• _What to work on_
Restate every line of the material below word for word, skipping the images.

• _Data below_
*** Begin section ***
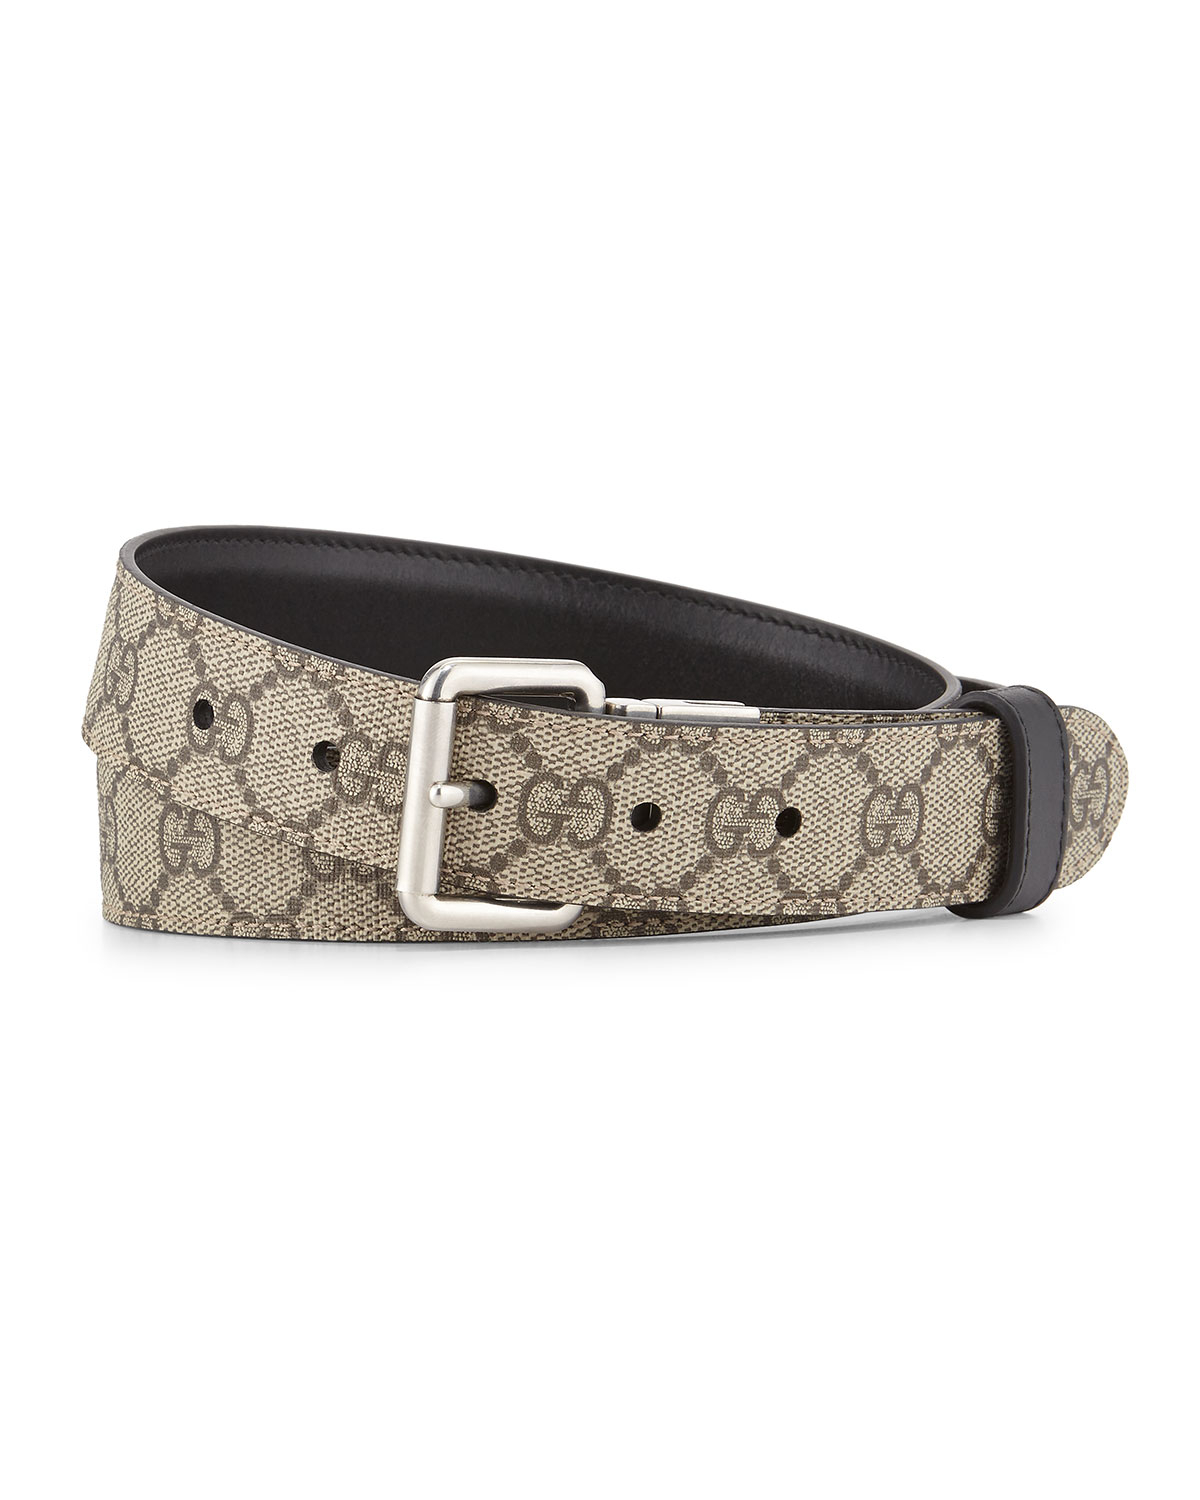 Gucci Gg Monogram Reversible Belt in Black - Lyst
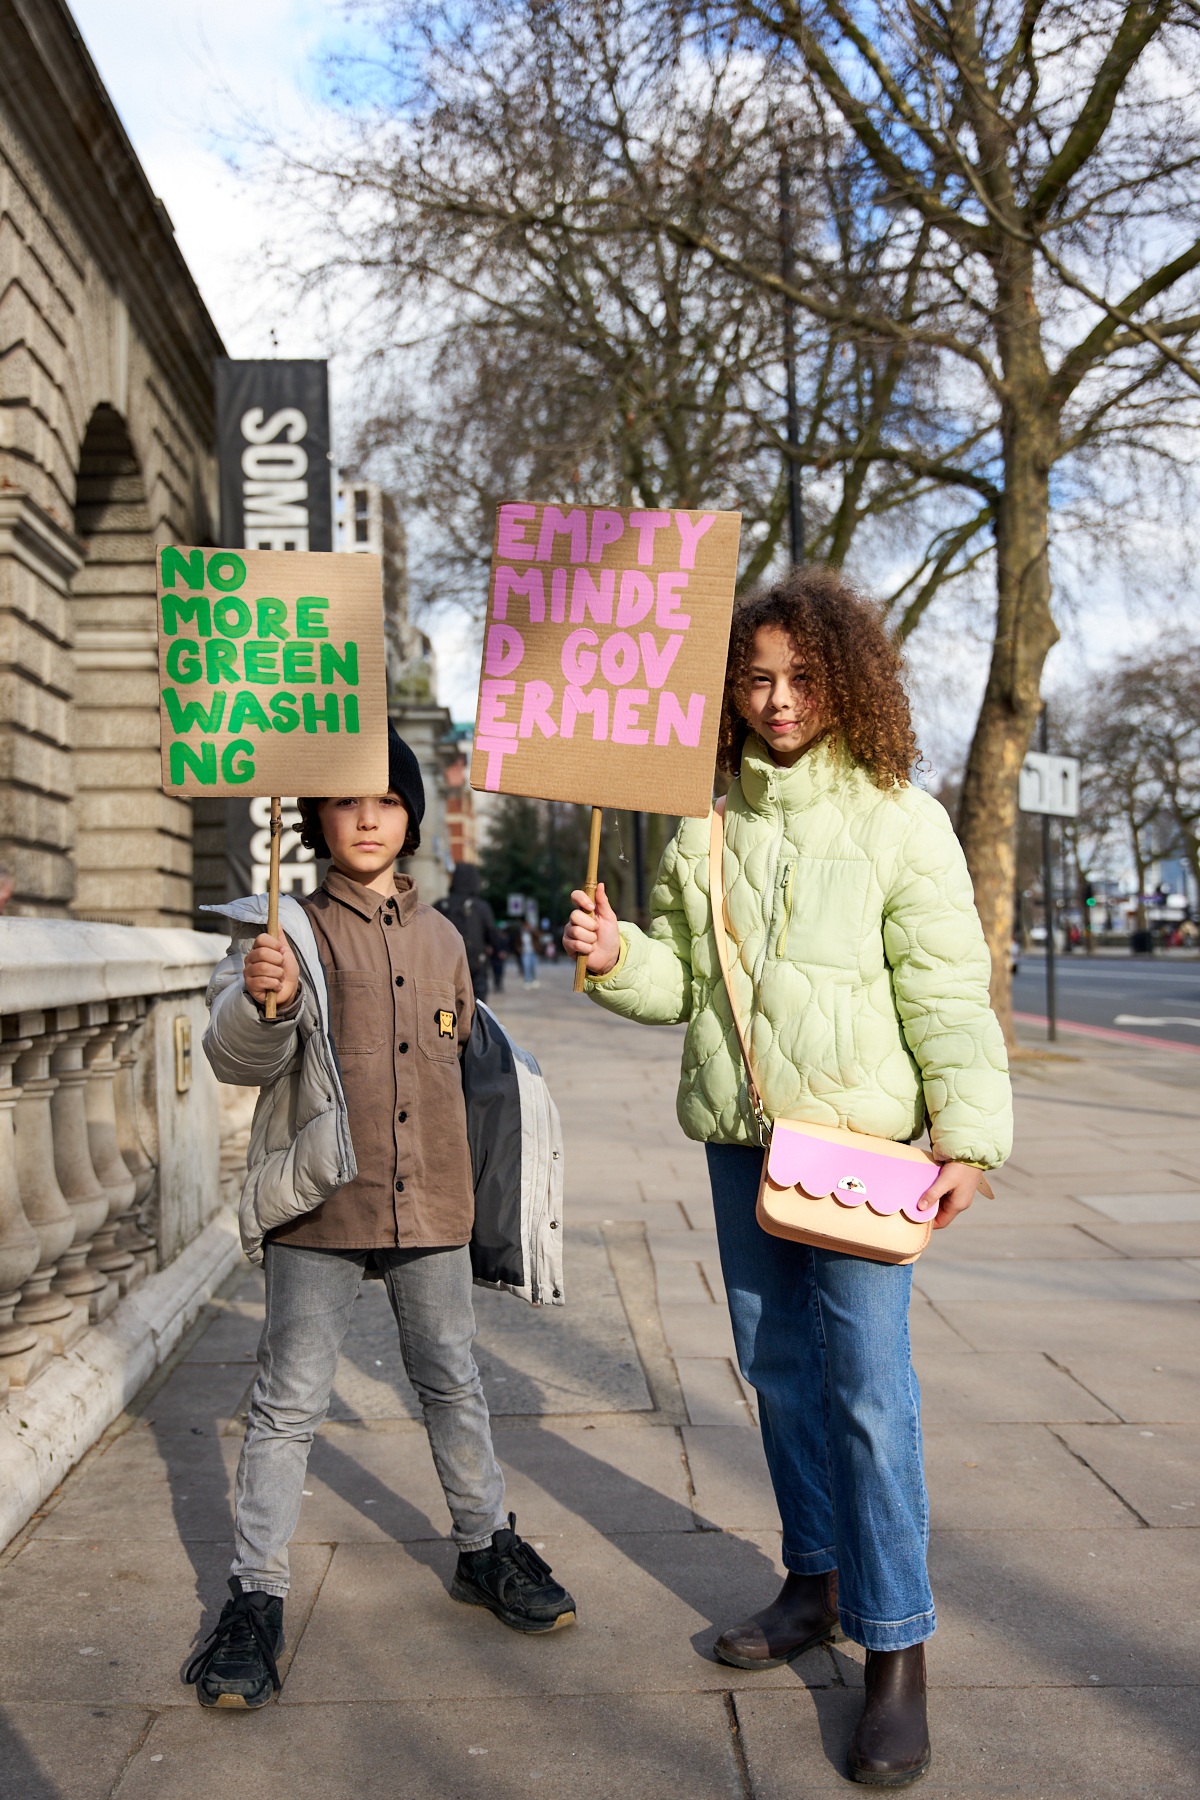 sign painting studio artist Peter Liversidge Beano rebellion colours Somerset House London children workshop greenwashing goverment
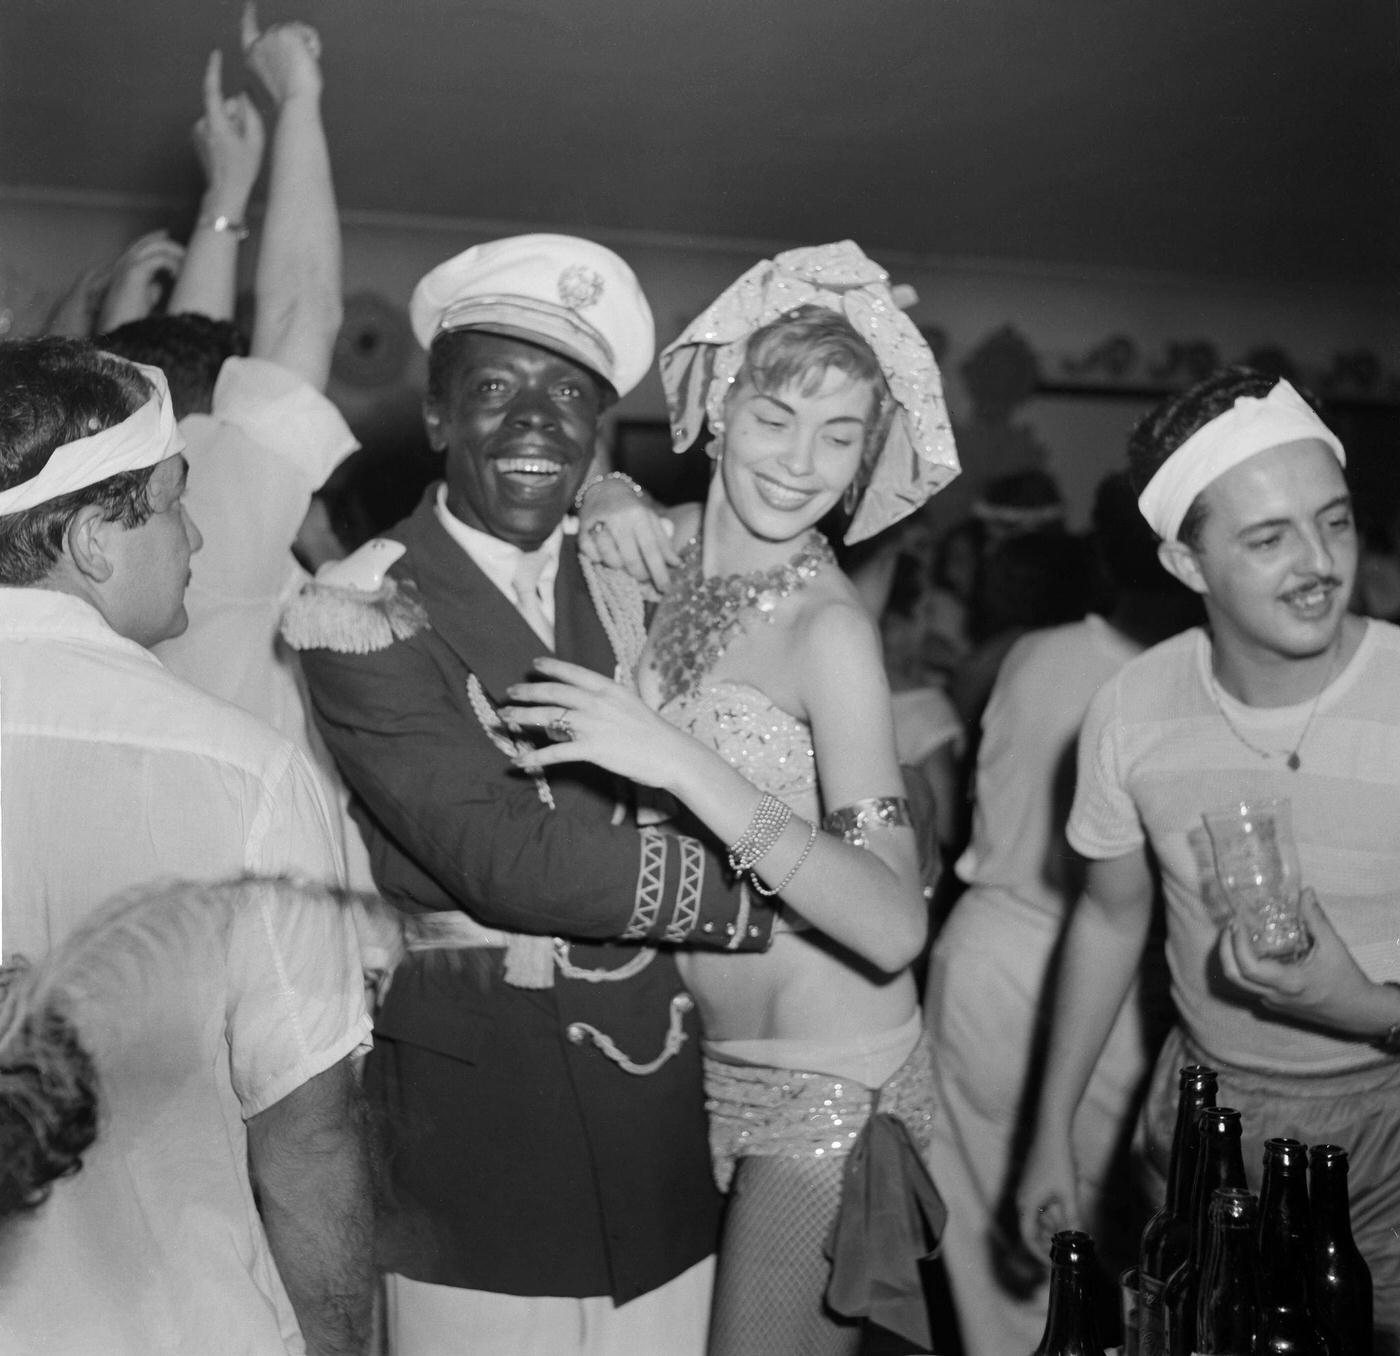 Costume Party at Carnival, Rio De Janeiro, Brazil 1953
*** End section ***
• _Result of this task_
 Gucci Gg Monogram Reversible Belt in Black - Lyst
 sign painting studio artist Peter Liversidge Beano rebellion colours Somerset House London children workshop greenwashing goverment
 Costume Party at Carnival, Rio De Janeiro, Brazil 1953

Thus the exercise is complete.